Next, a method of manufacturing a semiconductor device having a self-aligned contact using the above-described device will be described.

FIGS. 1 and 2 show a method of manufacturing a semiconductor device according to an embodiment of the present invention. This embodiment is applied to a case where a self-aligned contact structure is formed without using an etching stopper.

First, as shown in FIG. 1A, after a gate oxide film 102 is formed on a silicon substrate 101 by a thermal oxidation method, for example, a low pressure CVD (Chemical Vapor Dep.
osition) method to form the polysilicon layer 103 by 100 n.
was formed to a thickness of about m, forming a WSi _X layer 104 to a thickness of about 100nm by addition, for example, a plasma CVD method on it. Next, for example, by normal pressure CVD
₂ film is formed to a thickness of about 250 nm, and then the Si film is formed using an i-line stopper and a normal SiO ₂ film etching apparatus.
The O ₂ film is processed into a desired gate pattern having a width of 0.35 μm, which is used as an offset oxide film 105.

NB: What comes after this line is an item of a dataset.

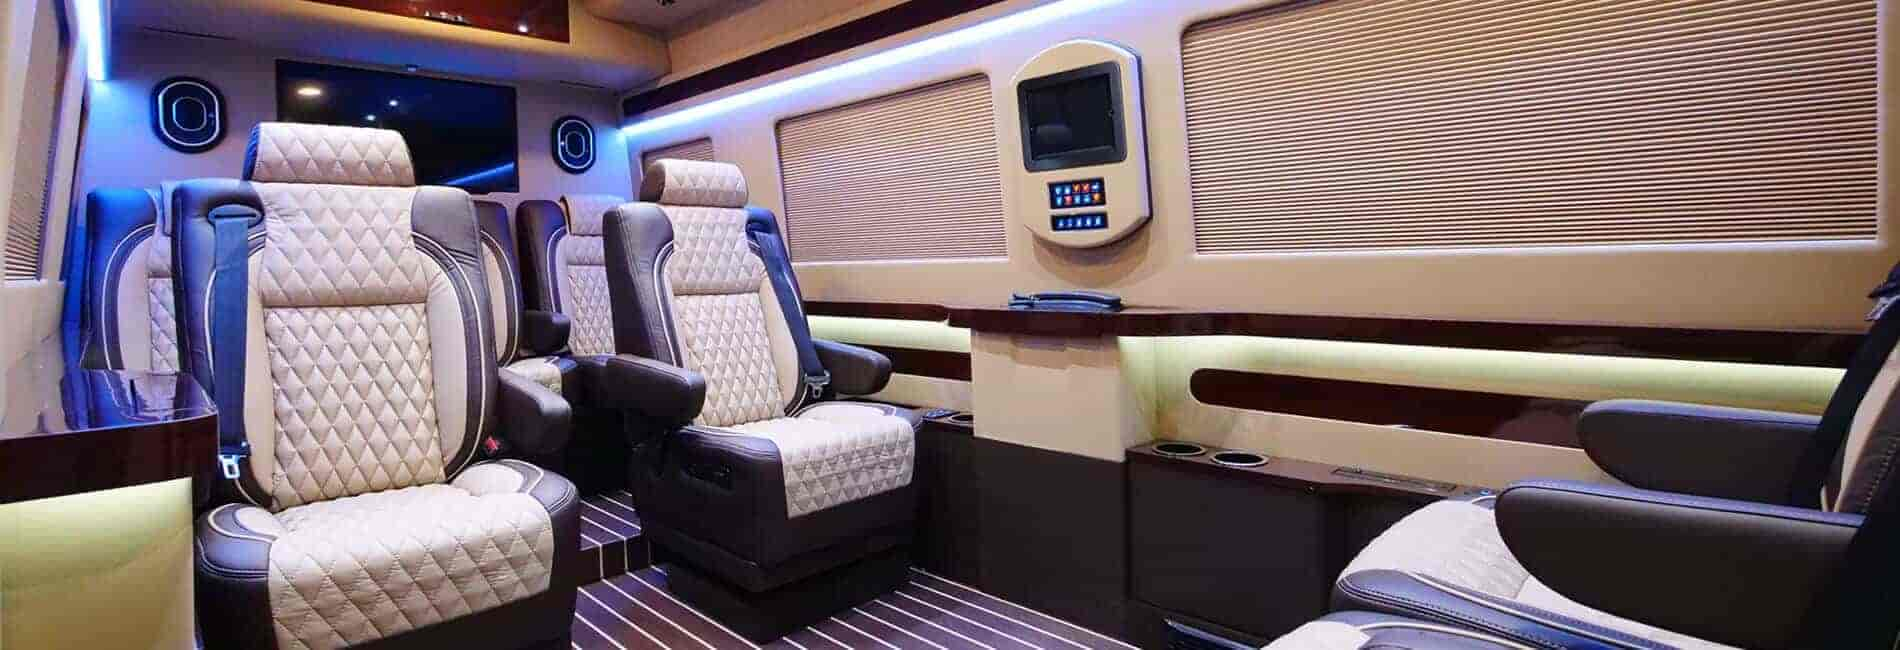 Private Mobile Office Custom Van

Next, as shown in FIG. 1B, for example, an ECR type etching apparatus shown in FIG.
_{The X} layer 104 is etched. The etching conditions at this time are set, for example, as follows. Discharge gas: Cl ₂ / O ₂ = 75/12 sccm Container pressure: 0.4 Pa Microwave output: 1200 W RF bias: 70 W (800 kHz) Wafer temperature: 20 ° C. Over etching: 20%

[0028] Thus, at the time of etching the WSi _X layer 104, because of the accelerated side etching of WSi _X layer 104 also enhances microwave power to increase the flow ratio of O _2, as shown in FIG. 1 (b) Offset oxide film 1
05 undercut shape occurs immediately below the result offset oxide film 105 is shaped overhanging on the WSi _X layer 104 as.

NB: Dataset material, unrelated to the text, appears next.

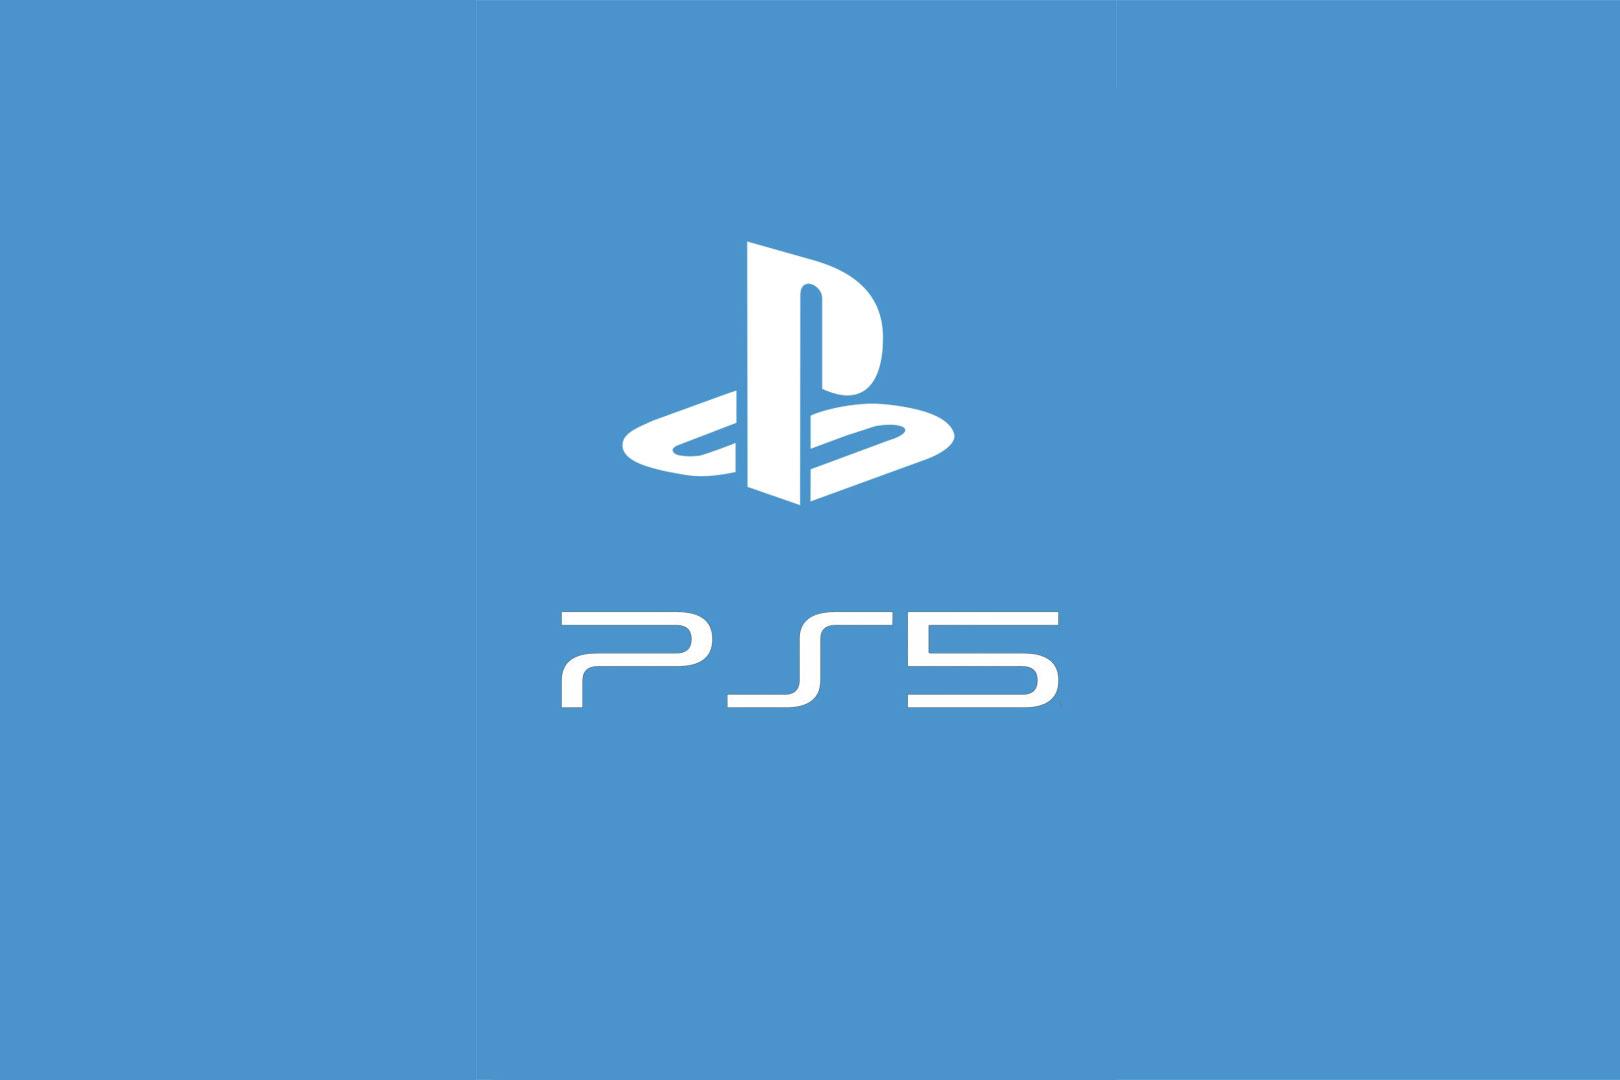 PS5上跑PS4游戏:分辨率、帧率将双双提升

Next, as shown in FIG. 1C, the polycrystalline silicon layer 103 is etched using the offset oxide film 105 as an etching mask, similarly using an ECR type etching apparatus (FIG. 8). The etching conditions at this time are set, for example, as follows. Discharge gas: Cl ₂ / O ₂ = 75/5 sccm Container pressure: 0.4 Pa Microwave output: 900 W RF bias: 30 W (800 kHz) Wafer temperature: 20 ° C. Over etching: 40%

As described above, when the polycrystalline silicon layer 103 is etched, the ordinary anisotropic condition is used, so that the polycrystalline silicon layer 103 is not subjected to side etching, and as shown in FIG. And offset oxide film 1
It is etched vertically with almost the same width as 05.

In this manner, two gate electrodes 110a and 110b arranged at a fine interval are formed.

Next, as shown in FIG. 2A, an SiO ₂ film for a side wall is
After being formed to a thickness of about 00 nm, anisotropic etch-back is performed using a normal SiO ₂ film etching apparatus, and LD
A sidewall film 106 for forming a D (Lightly Doped Drain) structure is formed. Further, an interlayer insulating film 107 made of a SiO ₂ film is formed on the entire surface by, eg, normal pressure CVD.
After being formed to a thickness of about 0 nm, the photoresist film 10
Then, a contact hole pattern having a diameter of 0.45 μm is formed in the photoresist 108 using an i-line stepper.

Next, as shown in FIG.
Using a type of SiO ₂ etching apparatus (FIG. 8), the interlayer insulating film 107 is etched using the photoresist film 108 as an etching mask to form a contact hole. The etching conditions at this time are set, for example, as follows. Discharge gas: CHF ₃ / CH ₂ F ₂ = 35/15 sccm Container pressure: 0.27 Pa Microwave output: 1200 W RF bias: 150 W (800 kHz) Wafer temperature: 20 ° C. Over etching: 30%

Despite sufficient over-etching, the gate electrodes 110a, 110
the film thickness of the SiO ₂ film which covers the corner portions of the WSi _X layer 104 b (sidewall 106) is sufficiently ensured.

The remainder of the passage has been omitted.